Su tía Victoria no pasaba tanto tiempo en el palacio de Buckingham, puesto que, según Jules, todo el lugar le hacía recordar a su esposo Albert. Jacques siempre había pensado que debía ser muy triste el recordar este palacio como algo nostálgico y no como una gran belleza. Se sabía que la reina Victoria y el príncipe Albert lo habían reconstruido en su gran mayoría. Crearon el salón de música, muchos de los salones de pintura y el patio interior; sin embargo, actualmente se veía tan solo como una hermosa casa solitaria, solo vibrante de vida en reuniones de política o, como en este caso, galas.
Seguía observando y memorizando el nombre de cada artista y sus pinturas. Comprendía ahora por qué su prima Louise era tan talentosa en el arte. ¿Cómo no serlo con una educación tan rica y culta? Toda su vida, Louise había sido llevada a estas galerías, ya sean aquí, o en Windsor, o en Balmoral, o en Wight. Cualquiera de las propiedades de la realeza tenía historia contada por el arte, y su prima no había desaprovechado la oportunidad de aprender. Jacques sí que la admiraba y esperaba, algún día, ser tan inteligente como ella.
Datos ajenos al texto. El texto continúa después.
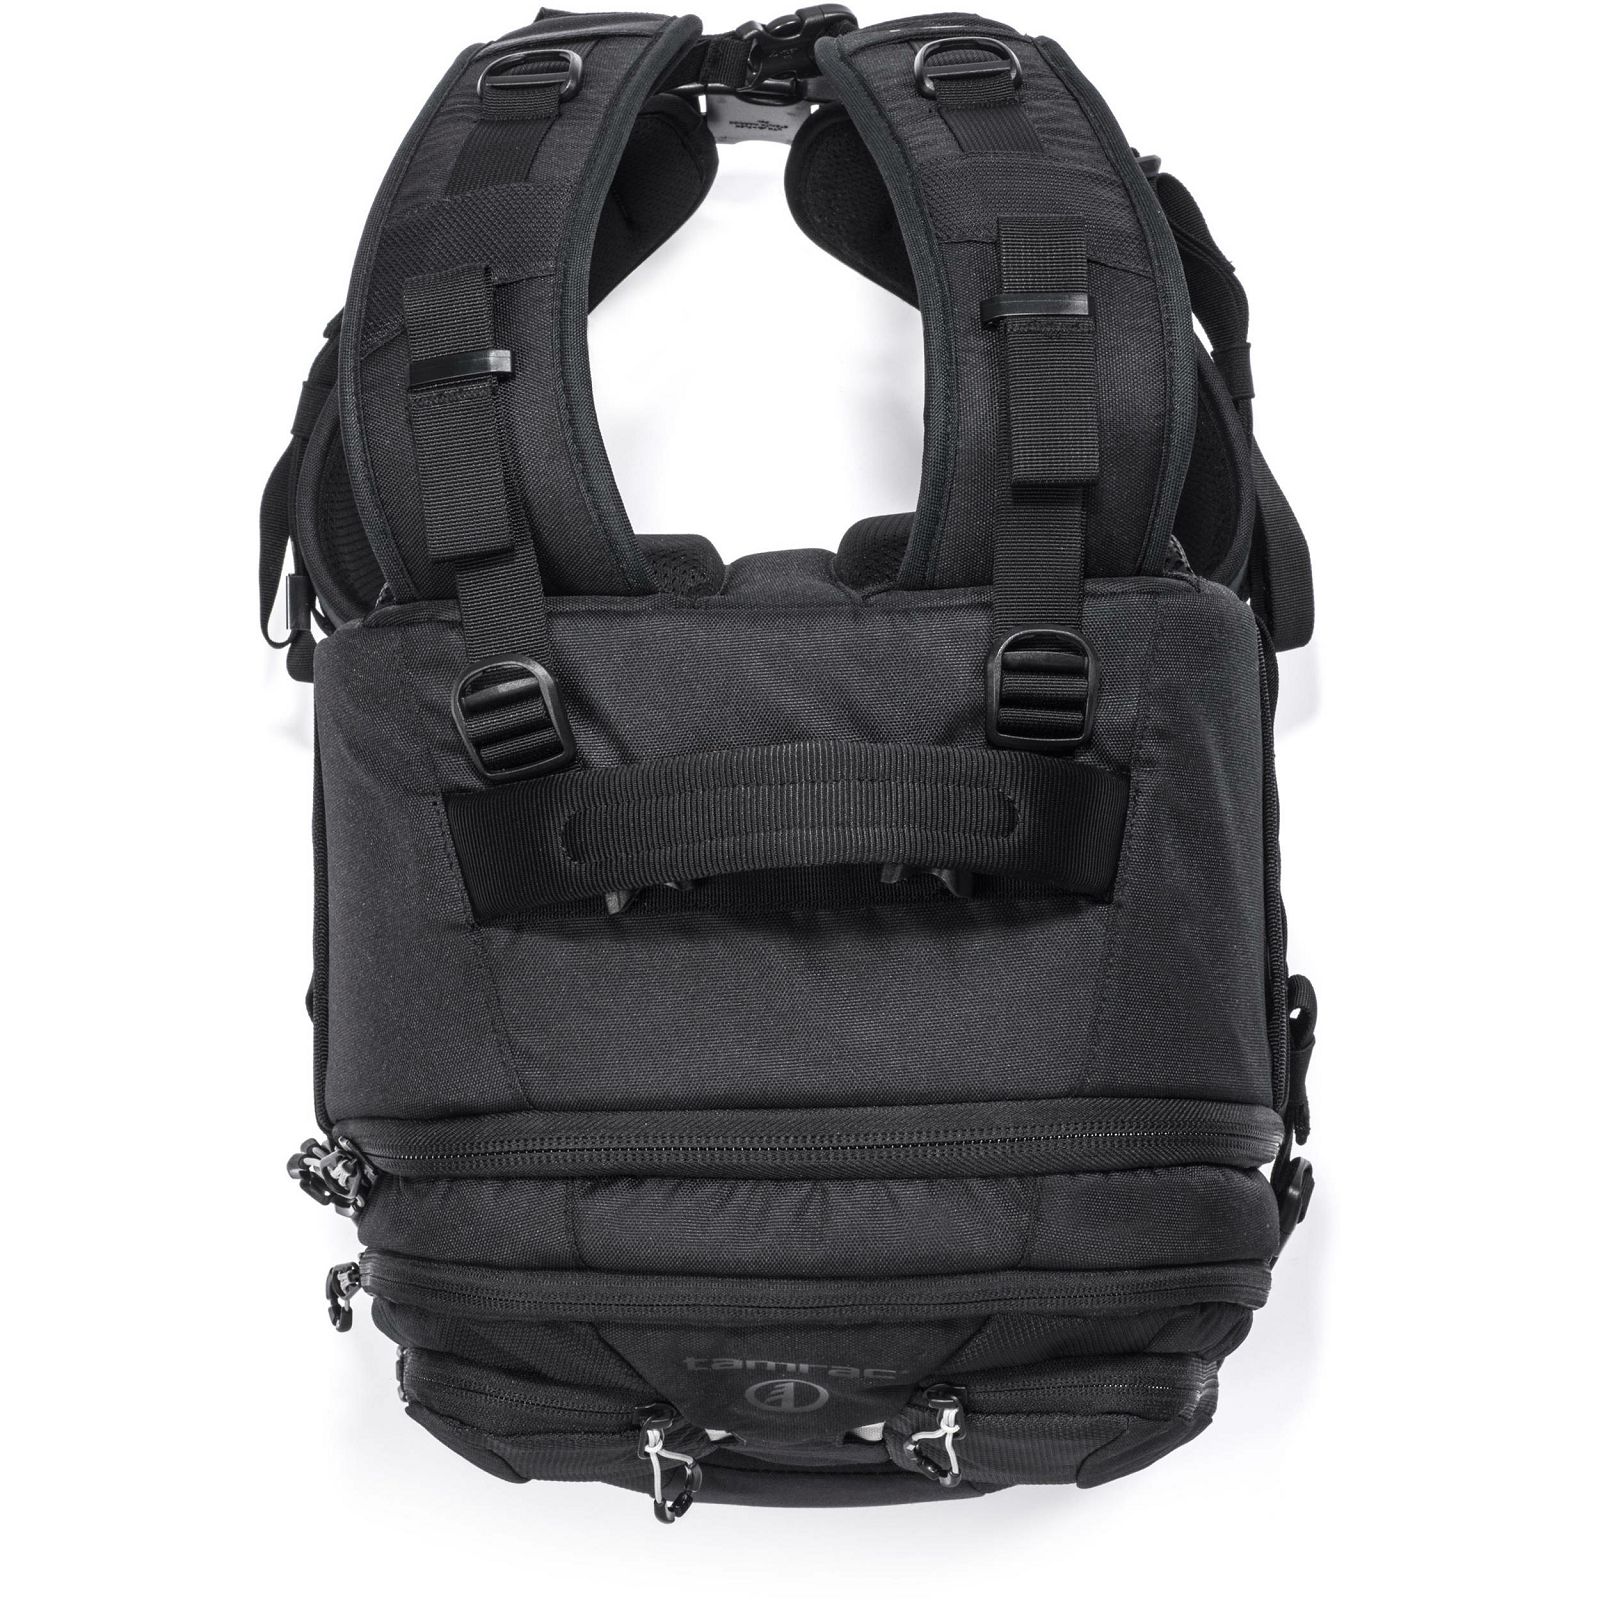 Tamrac Anvil 23 Backpack Black crni ruksak za foto opremu (T0240-1919)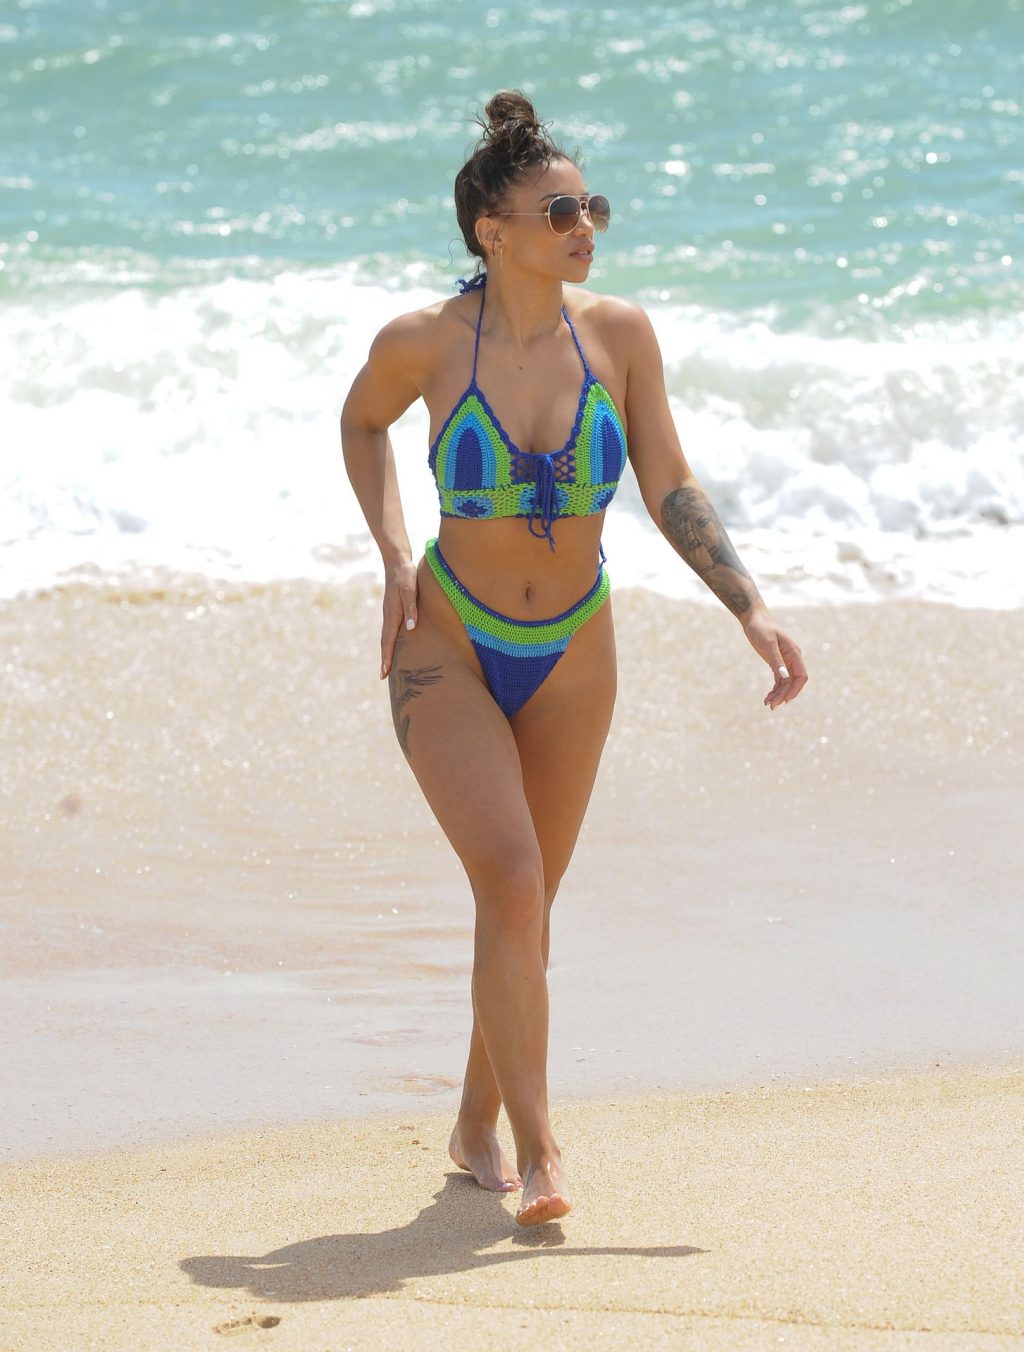 Sexy Kayleigh Morris Enjoys a Day on the Beach (18 Photos)

Dio un gran suspiro. Ya había memorizado la mayoría de los nombres, así que decidió que era tiempo para regresar con sus hermanos. Por supuesto, debía ocurrir algún inconveniente en el camino de regreso.
Simplemente, se perdió. ¡El lugar era enorme y tenía muchos pasillos! No se sorprendió, pues solo había visitado el palacio dos veces en toda su vida. Siguió caminando sin un rumbo fijo, esperando encontrar algún criado o cualquier persona para que lo ayudara.
Cuando estaba pasando por un salón cerrado, escuchó voces en el interior. Eran risas bajas y podrían haber pasado desapercibidas, pero Jacques, quien en un principio solo escuchó murmullos, pegó más su oído hacia la puerta. Ahora podía distinguir dos voces, la de un hombre y una mujer.
Se sintió nervioso. No sabía hacia dónde ir. Retrocedió sin fijarse del jarrón que estaba ubicado cerca de él y lo empujó. Antes de que pudiera romperse, se lanzó rápidamente al suelo y atrapó el jarrón, sin embargo, ya era muy tarde para escapar. Había hecho suficiente ruido para ser escuchado.
Se puso de pie y, derrotado por lo que vendría a continuación, dejó el jarrón en su lugar. Escuchó como la puerta se abría de golpe. Jacques volteó en seguida y vio a los dueños de las voces.